Même il avait des malades, et ce qui faisait endiabler les Purgon de son temps, c’est qu’il les traitait par les distractions et le rire, et qu’il les guérissait, paraît-il.
Avec privilége royal, il avait fondé un bureau de rencontre, sorte d’office de publicité, comptoir des vingt-cinq mille adresses du temps, où chaque jour se pressait une foule de gens en quête de renseignements. Nombre d’oisifs s’y donnaient rendez-vous; les nouvellistes en titre, coureurs de cancans, ne tardèrent pas à y venir aussi. On y causait. Tous les bruits de la ville et de la cour y avaient leur écho.
Renaudot eut l’idée d’utiliser tous ces gens. Il n’avait qu’à écouter pour être l’homme le mieux informé de Paris; il écouta. Puis, il nota tout ce qu’il avait entendu, le rédigea, le fit recopier, et c’est ainsi qu’il distribuait à ses malades des nouvelles à la main qui chaque jour les renseignaient au plus juste.
Les Nouvelles bientôt firent fureur. C’était à qui serait malade pour obtenir la faveur d’un exemplaire. Renaudot ne savait ou donner de la lancette; quant à ses copistes, ils ne pouvaient suffire.
Il demanda l’autorisation d’imprimer ses nouvelles, l’obtint, et le 30 mai 1631, le premier de nos journaux paraissait sous le titre de Gazette, nom emprunté à l’italien, de gazza, pie, oiseau bavard.
Le succès de Renaudot fut immense; il eut bientôt une nuée d’ennemis acharnés; mais il avait bec et ongles, et une plume, et une presse, et la protection du roi. Il se moquait des envieux.
Son exemple cependant ne fut pas suivi. Louis XIII se doutait-il du tintouin que donnerait la presse à ses successeurs? Il n’y eut pas de prime d’encouragement pour les journalistes, et dix-neuf ans le médecin régna seul.
En 1650 seulement se fonda un autre journal, en vers celui-ci, la Gazette burlesque de Loret, le plus insipide de tous ceux qui jamais ont tenu une plume, courtisan achevé, d’ailleurs, et chroniqueur utile aujourd’hui.
En 1672 seulement parut le Mercure galant, fondé sur un plan excellent par Doneau de Vizé, et qui, jusqu’à la Restauration, resta le premier de tous les recueils périodiques.
Mais là n’était pas le petit journal.
Il existait, mais mystérieusement. Il paraissait manuscrit, ou «imprimé à la campagne.» Le petit journal était alors la «nouvelle à la main» qui se colportait jusque sous le manteau de marbre des cheminées de Versailles. Plus d’un bon mot, plus d’une verte épigramme fit froncer le royal sourcil du monarque-soleil, du divin Deodatus.
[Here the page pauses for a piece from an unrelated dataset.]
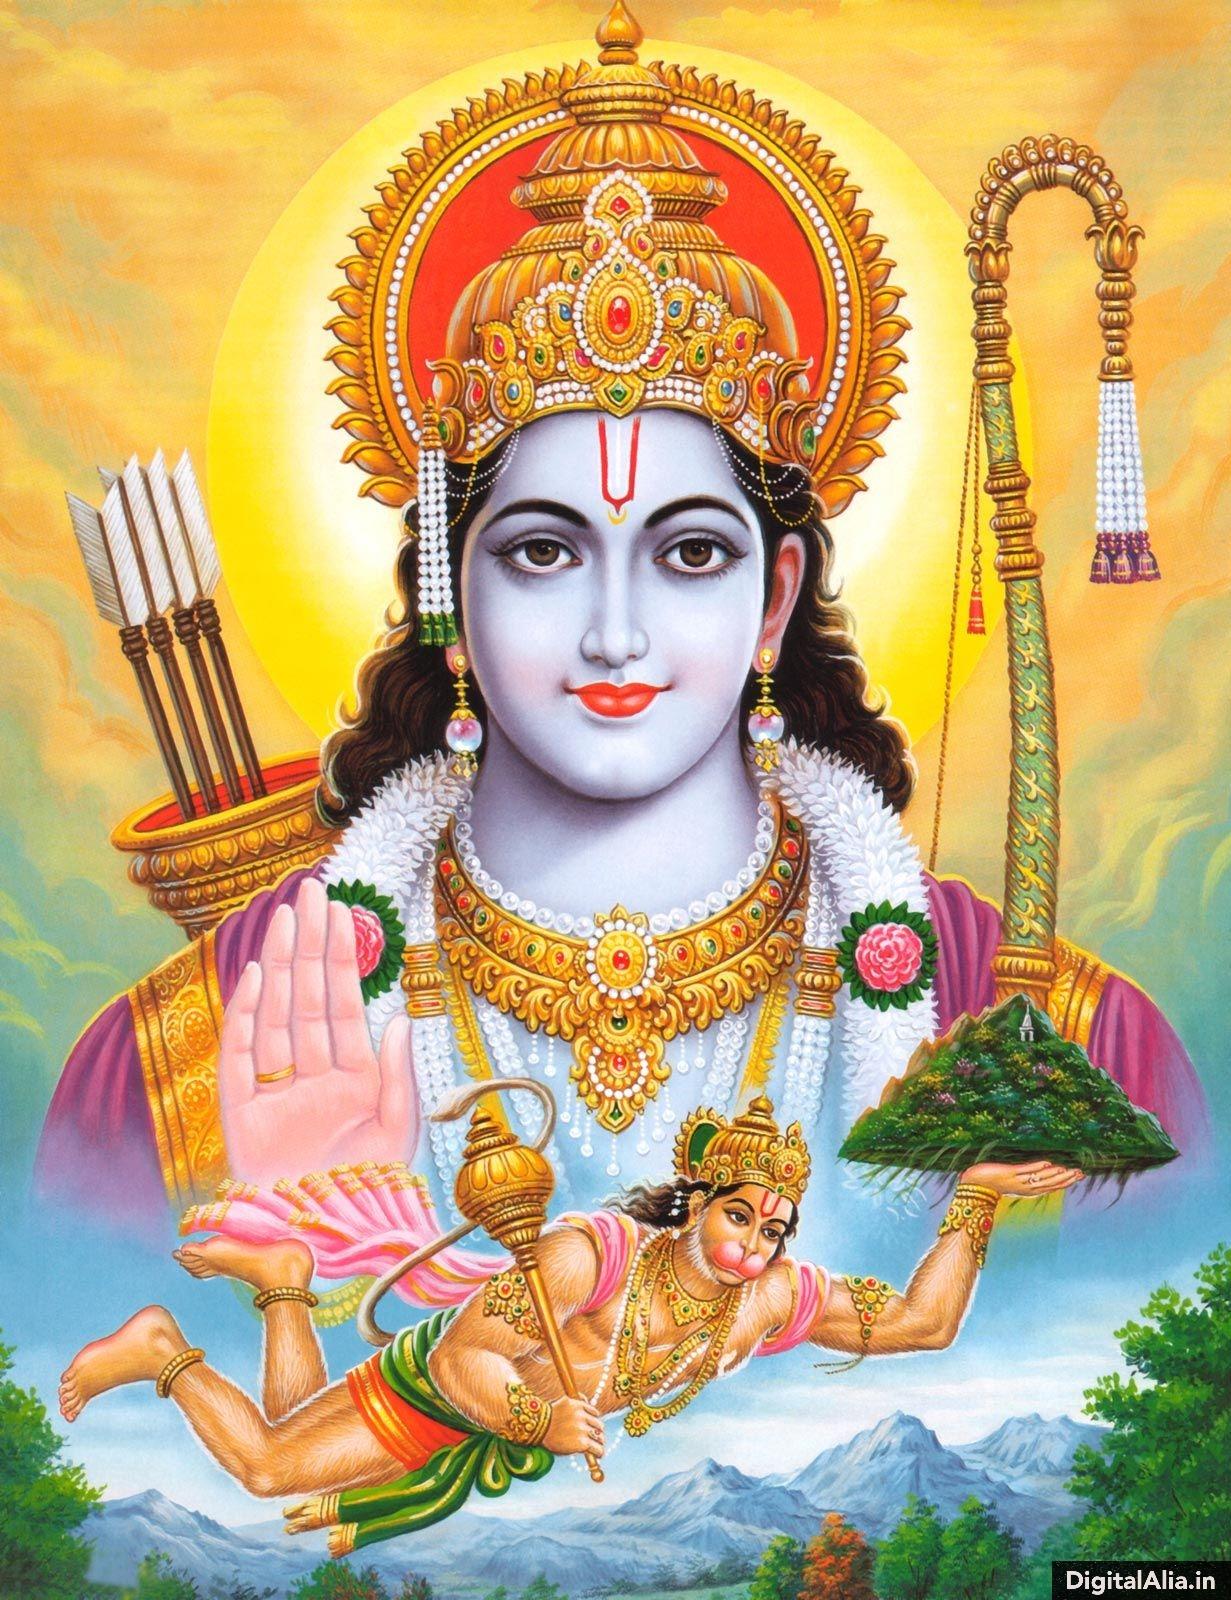 50 Best All Hindu God Images Wallpaper Free Download For Mobile

Le règne de Louis XIV fut un bon temps pour l’esprit, bien qu’il combattît à la sourdine. Les ridicules foisonnaient; la cour amusait la ville. Pour railler, il ne fallait que regarder autour de soi. La cour, la finance, la magistrature, l’armée, la bourgeoisie, le clergé posaient alors en plein soleil pour tout le monde, et aussi pour Molière qui les a fait poser pour la postérité.
Mais l’esprit ne tarda pas à viser plus haut: l’audacieux s’attaqua au roi. Oui, à l’auguste personne du roi, et aussi à la personne sacrée de ses maîtresses. Jupiter indigné agita sa perruque, l’Olympe trembla.
Il faut le dire, Louis XIV détestait l’esprit. Ce prince, le plus magnifique virtuose qu’ait produit le despotisme, ne croyait pas l’esprit assez courtisan, il lui trouvait une odeur de fagot. Il entreprit deux ou trois croisades contre lui, et même fit un édit qui le défendait sur ses terres, c’est-à-dire en France. Le refrain de l’édit était: Bastille! Bussy en sut quelque chose.
Il daigna cependant protéger quelques hommes de génie, sous la condition qu’ils chanteraient ses louanges et lui feraient de la réclame pour la postérité. Ils acceptèrent la mission.
Malheureusement ces grands hommes n’étaient pas toujours bien inspirés, témoin Boileau et son passage du Rhin. Le doux Racine eût fait mieux, mais il se cachait pour faire ses épigrammes; une pourtant lui valut du bâton; les grands seigneurs payaient ainsi. Peu importe, le bois vert est aujourd’hui brûlé, les railleries seront éternelles. Quant à Molière, dans ses pièces ad majorem Jovis gloriam, et je parle des meilleures, de celles après lesquelles il a dû se frotter les mains, plus je les relis, plus il me semble à chaque instant découvrir sous le velours de la louange l’épingle de l’ironie. Ne serait-ce pas un admirable persiflage, une pilule merveilleusement dorée? Le grand génie ne mit pas le roi sur son théâtre, peut-être se réservait-il de la jouer en son particulier.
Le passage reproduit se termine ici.